Wednesday, May 14, 2014

4.15.14 THE BOSS' PERIODIC VISIT TO A-TOWN



This article originally appeared in the 4.15.14 issue of Metroland.

BRUCE SPRINGSTEEN AND THE E-STREET BAND

Times Union Center

May 13, 2014

            1.  Well, that was interesting.

            2.  Thank god for Tom Morello.

            It wasn’t a cookie-cutter show, that’s for sure.  The Boss & band began the final week of their five-month “High Hopes” tour with a wild, sometimes hysterical, sometimes bizarre three-hour show of oddities, covers, and requests.  It appears that Albany, believe it or not, is special Bruce place; I just read on a Springsteen fansite that the T-U is the only place he’s hit on every tour since the ‘90’s.  Which I don’t think is quite accurate, but, hey, somebody said it. 
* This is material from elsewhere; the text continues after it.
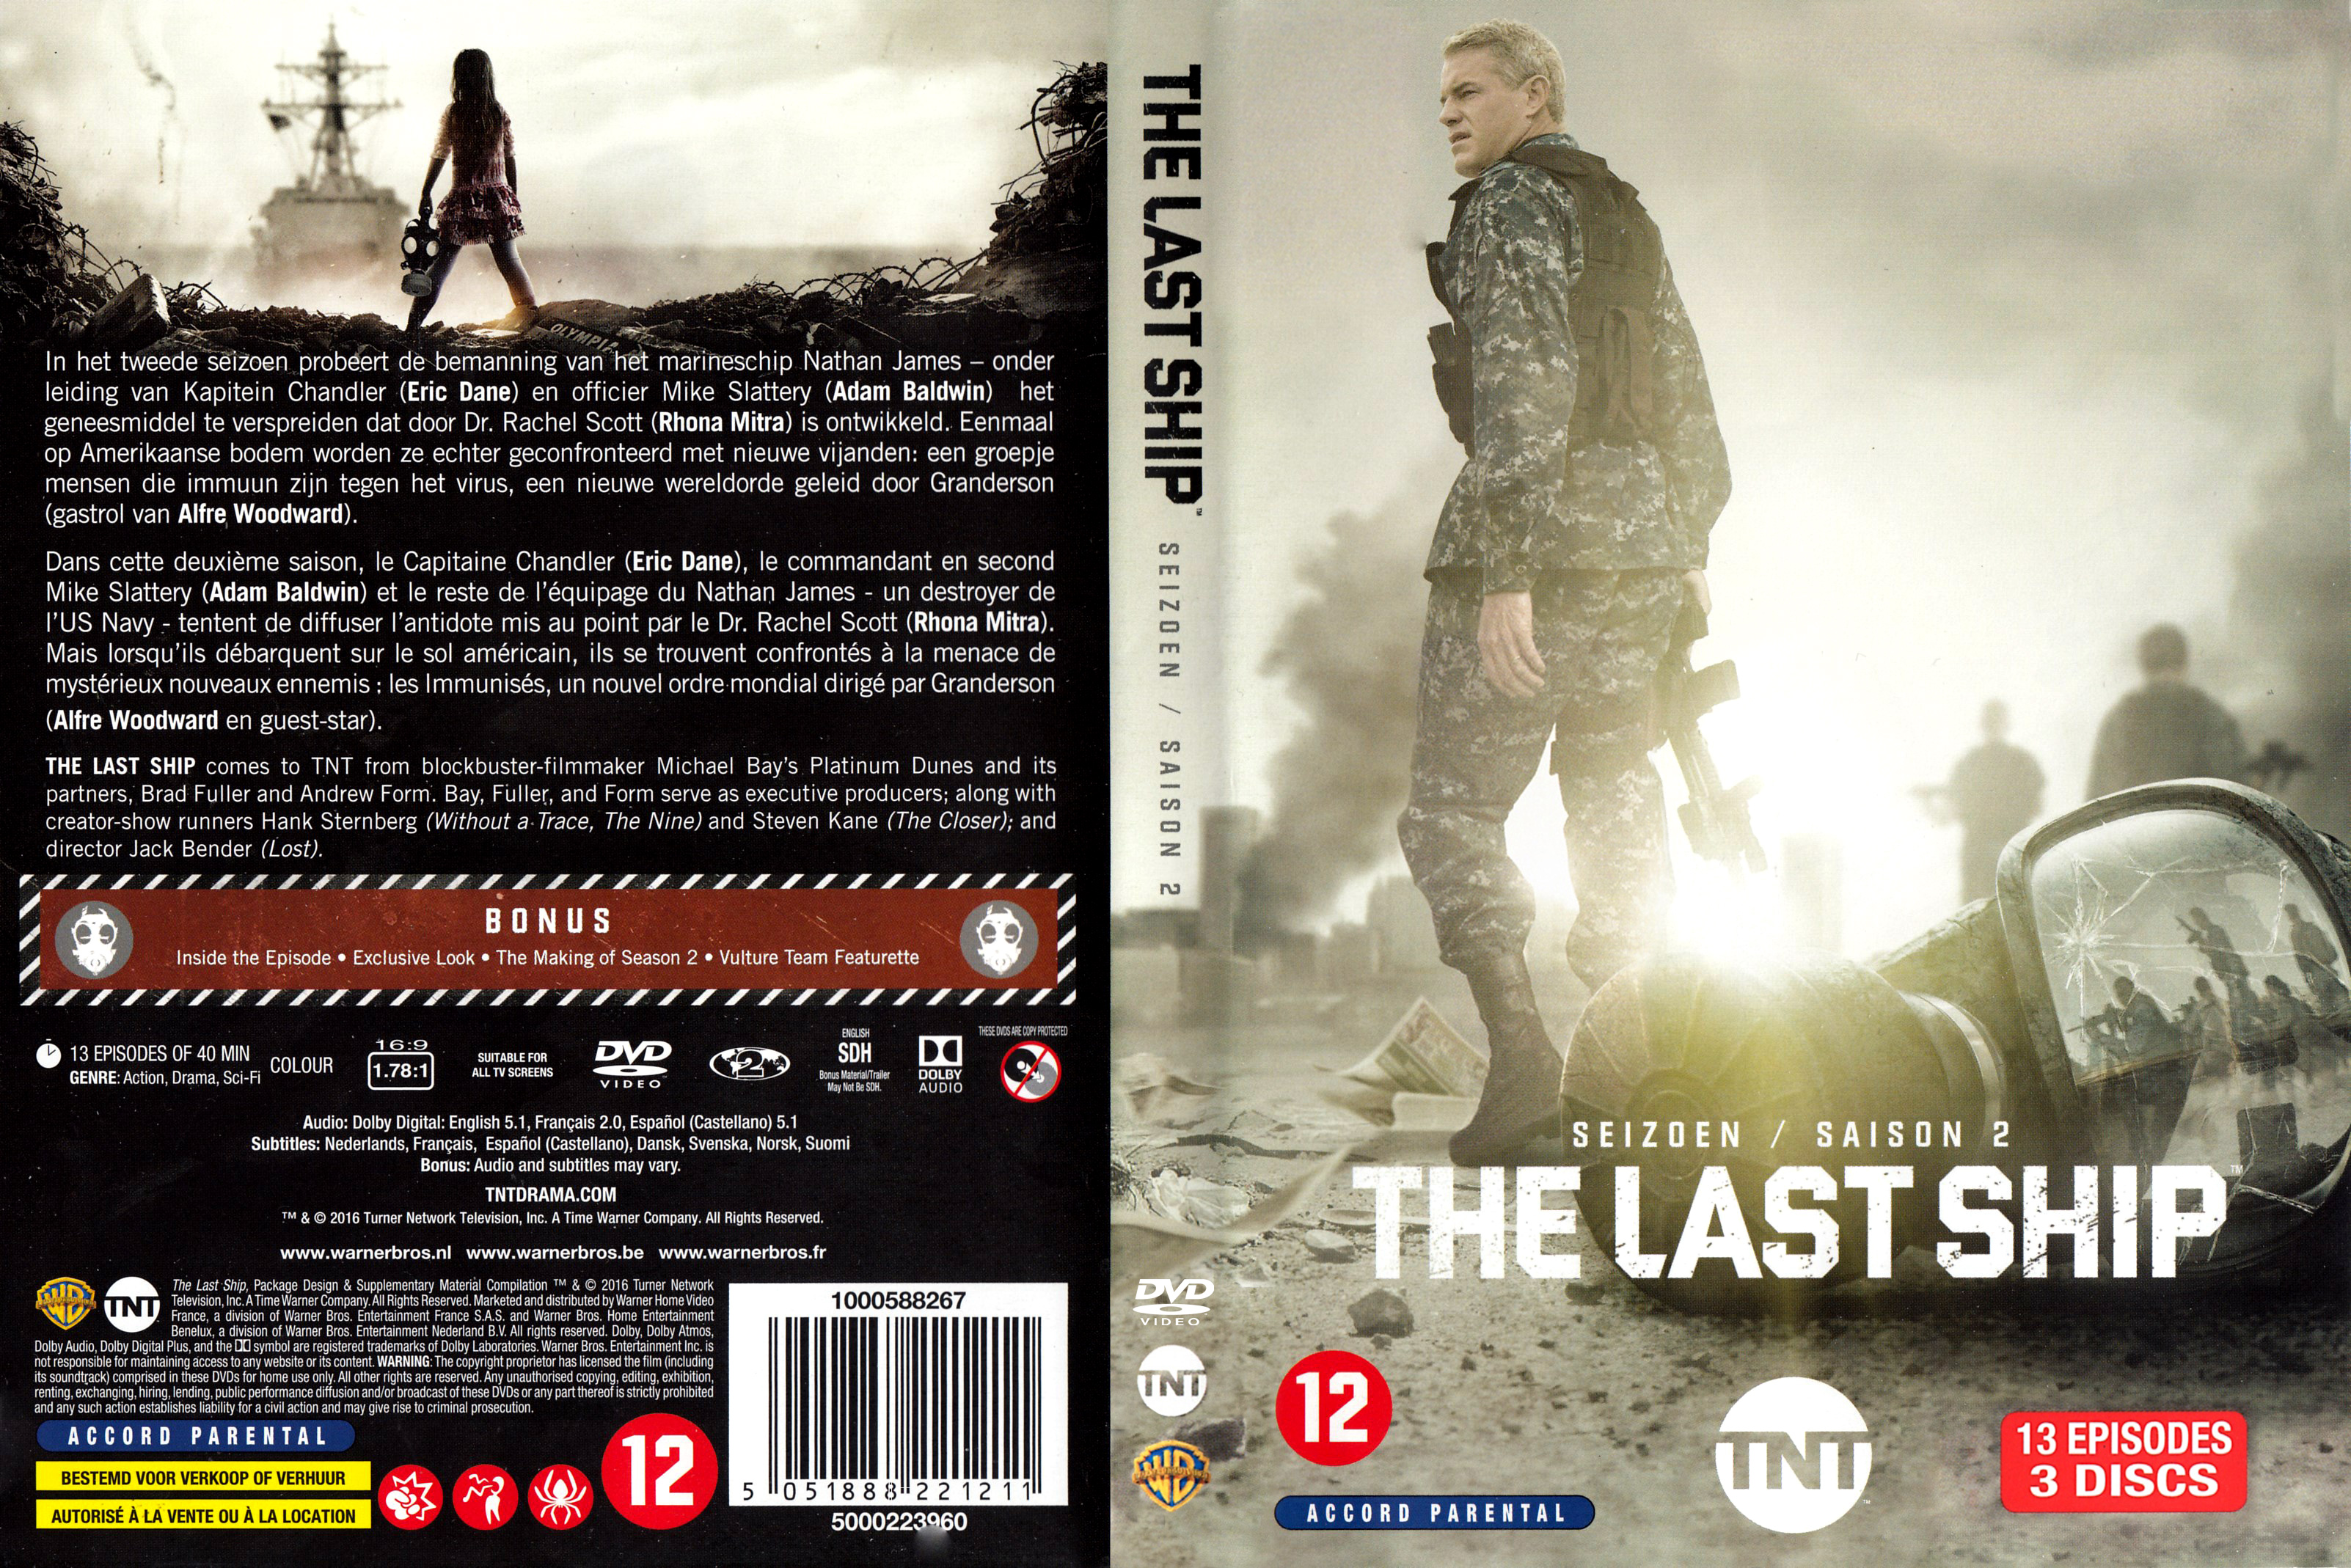 Jaquette DVD The last ship saison 2

            If you’ve been following the YouTubes you know that this tour has featured unusual covers, usually related to the town the band was playing in.   Yes, I know what was being said around here, and no, I didn’t have my hopes up.  The mere idea is kind of silly.  But it was still a little weird that he opened with INXS’s “Don’t Change”, one of several native covers unleashed during the Aussie leg of the tour.   Then the set rambled on with a handful of album cuts... “Badlands” five songs in felt like a wake-up call.  But then, you know, these things are relative—a sleep-walking Springsteen is like almost anyone else at a full sprint.  Dude was, as usual, carrying on like his life depended on it.

            And then things turned seriously left.  He started pulling people onstage; he started playing requests.  He played “something we worked up in soundcheck”, a blazing version Roy Head’s classic “Treat Her Right”.  Now, the audience-on-stage thing is a good gimmick, it’s good schtick, and the dancing-with-Mom moment during an impromptu “Save The Last Dance For Me” was priceless.  But four straight songs of this?  I had one word stuck in my head and that word was “Englebert.”  Don’t hit me.  Oh, and they played their killer version of “Stayin’ Alive.”  Yes they did.
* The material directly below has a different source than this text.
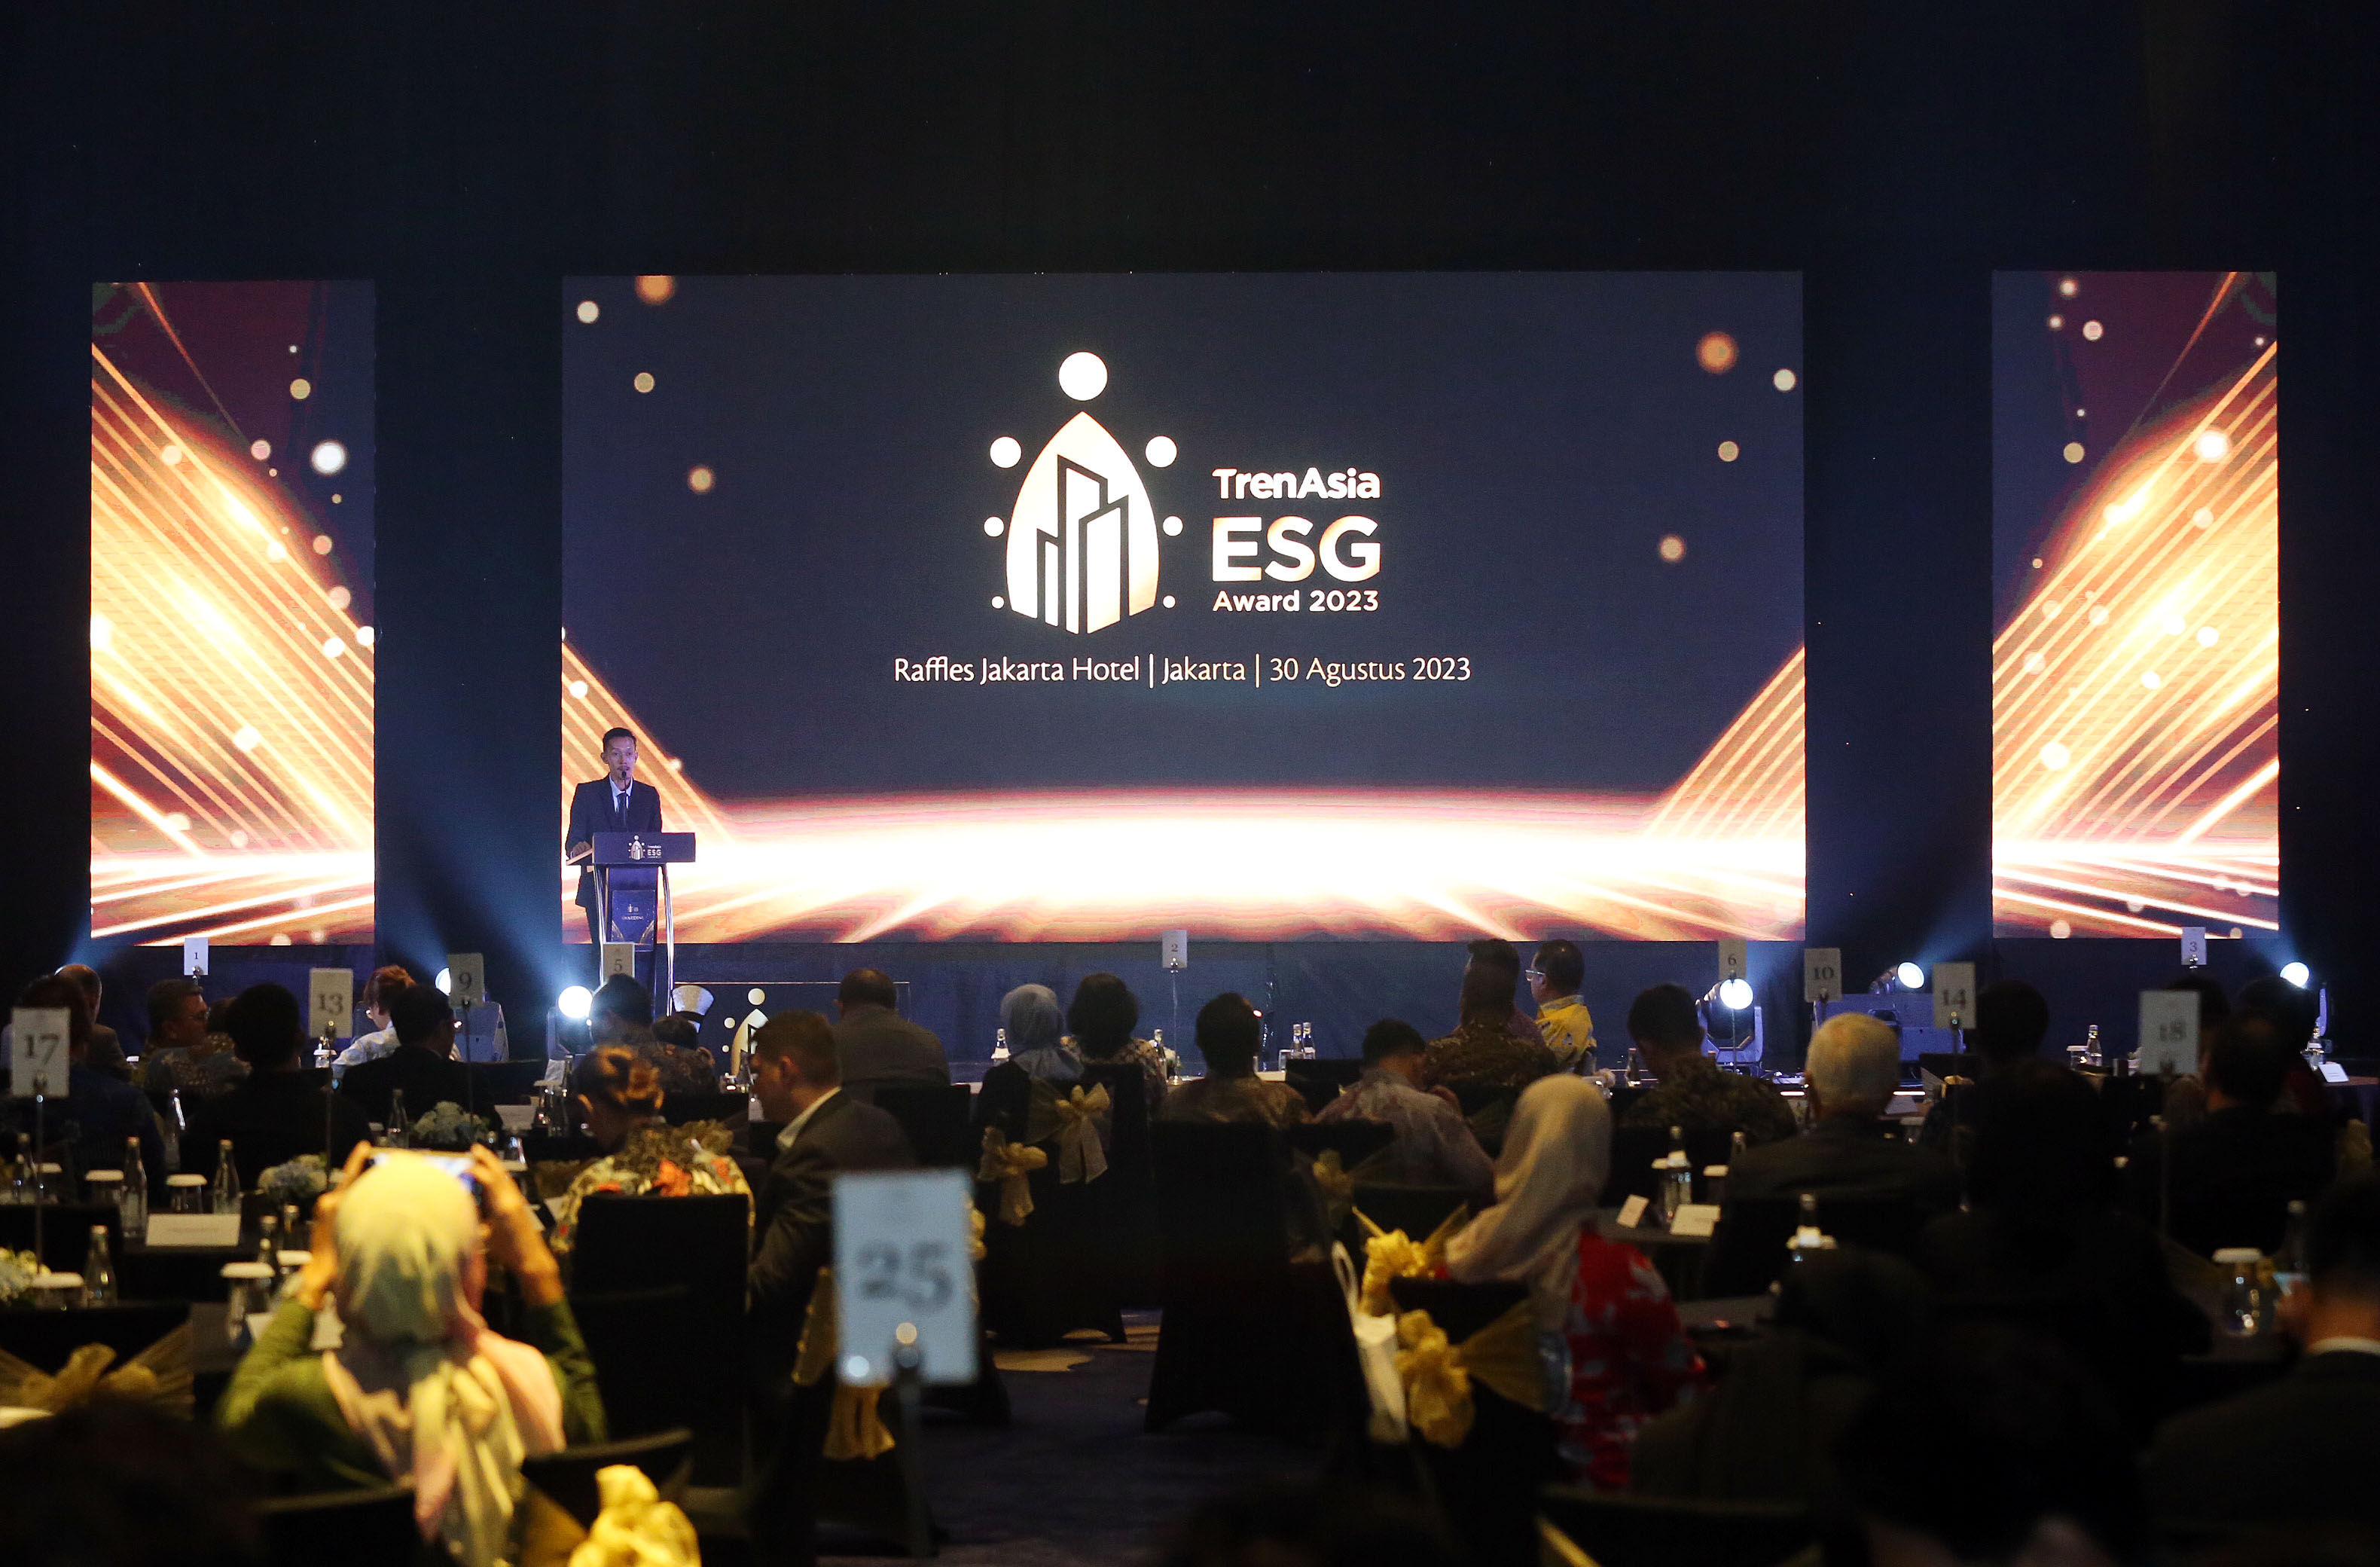 TrenAsia ESG Award 2023 menjadi ajang penghargaan untuk perusahaan-perusahaan yang menerapkan aspek environment, social, and governance (ESG). Sebanyak 58 perusahaan dan 4 CEO meraih penghargaan dalam acara yang digelar di Raffles Hotel Jakarta, pada Rabu, 30 Agustus 2023.

            The show ended as oddly as it started... and from my perspective “Badlands” was the only true flag-waver in the main set.  Which wasn’t a bad thing.  I mean, who does that these days?  And of course, the hour-plus cavalcade of hits “encore” took care of that omission in spades.  It was a crazy, spontaneous, loose, and ultimately cathartic ride.    

            Little Steven and Patty Scialfa were not in attendance.  But Tom Morello (Rage Against The Machine, Audioslave) most definitely was.  Holy. Freakin’. Moly. Talk about breathing new life... Morello’s solos, alternatively soaring rock-star wails and agro-noise, brought a startling new dimension to the proceedings, and improbably fit the E-Street Band like a loud hand in a louder glove.  And his vocal duet and guitar playing on “The Ballad of Tom Joad” was for me the emotional and musical high point of the show.

            Like all of the shows on this tour, this one will be available for download from Springsteen’s website, maybe even by the time you read this.  You know I’ll be on that like a fly on a meat wagon.